Circulating Levels of T-Cell Traits and the Risk of Amyotrophic Lateral Sclerosis: A Mendelian Randomization Study

Mol Neurobiol. 2024 May 15. doi: 10.1007/s12035-024-04226-0. Online ahead of print.

Abstract

Amyotrophic lateral sclerosis (ALS) represents a rare and potentially fatal neurodegenerative disease. Diverse T-cell subsets could potentially exert diametrically opposite impacts upon ALS development. A two-sample Mendelian randomization (MR) analysis was performed to investigate the correlation between 244 T-cell subsets and ALS risk. Genetic instrumental variables were procured from a standard genome-wide association study (GWAS) that encompassed 244 T-cell subsets in 3757 individuals of European lineage. ALS-related data were collected from a GWAS comprising 20,806 ALS instances and 59,804 European control participants. Multiple sensitivity analyses were performed to verify the robustness of the significant results. Reverse MR analysis was used for delineating the effects of ALS on the characteristics of T-cells. After multiple comparison corrections, 24 out of the 244 subtypes demonstrated a potential association with ALS risk. Significantly, 75% of these associations encompassed the expression of the CD3 on diverse T-cell subtypes, revealing a highly consistent inverse relation to ALS risk. The proportion of T regulatory cells (Tregs) in CD4+ T cells and secreting Tregs in CD4+ T cells demonstrated negative associations with the risk of ALS. CCR7 expression on naive CD4+ T cells and CCR7 expression on naive CD8+ T cells showed positive associations with ALS risk.
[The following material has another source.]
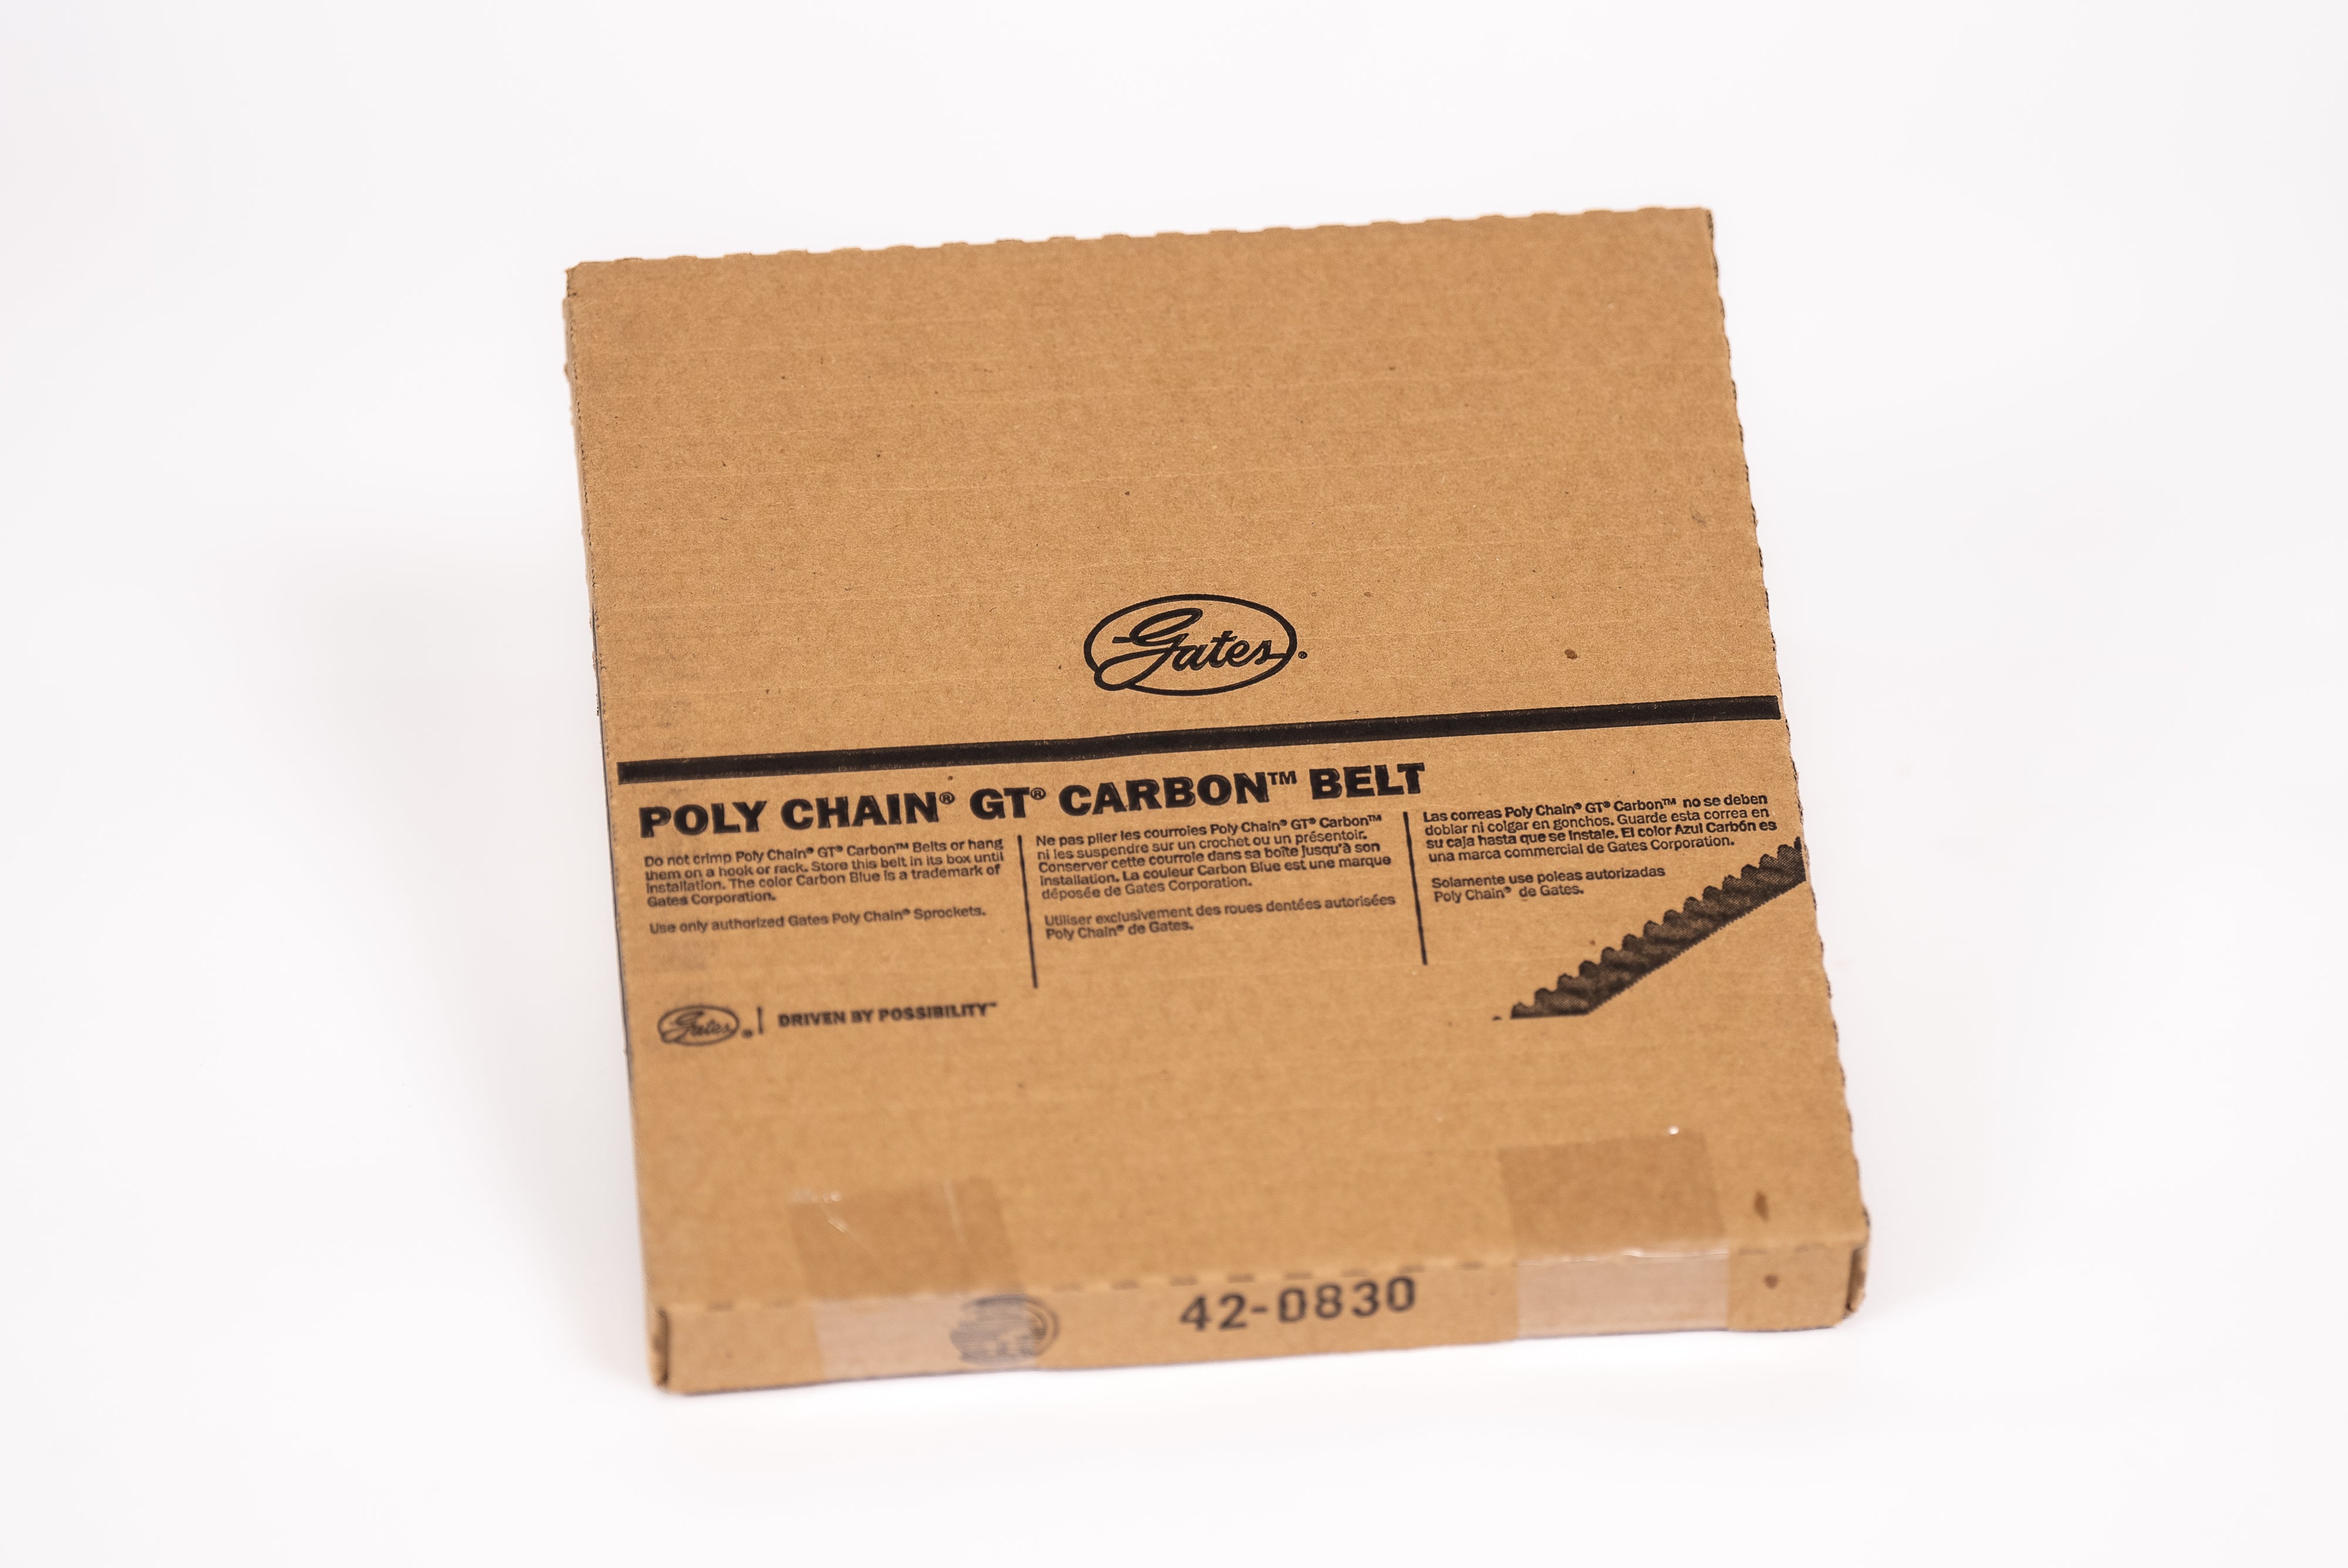 Poly Chain GT Carbon Belts, 8MGT-640-12

Certain T-cell subsets, particularly those identified by CD3 expression on terminally differentiated CD8+ T cells, proportions of Tregs, and CCR7 expression, indicated an association with ALS risk. These findings harmonize with and extend previous observational studies investigating the involvement of T lymphocyte subset-induced immunological processes in ALS.

Keywords: Amyotrophic lateral sclerosis; CD3+ T cells; Mendelian randomization; T cell; Treg.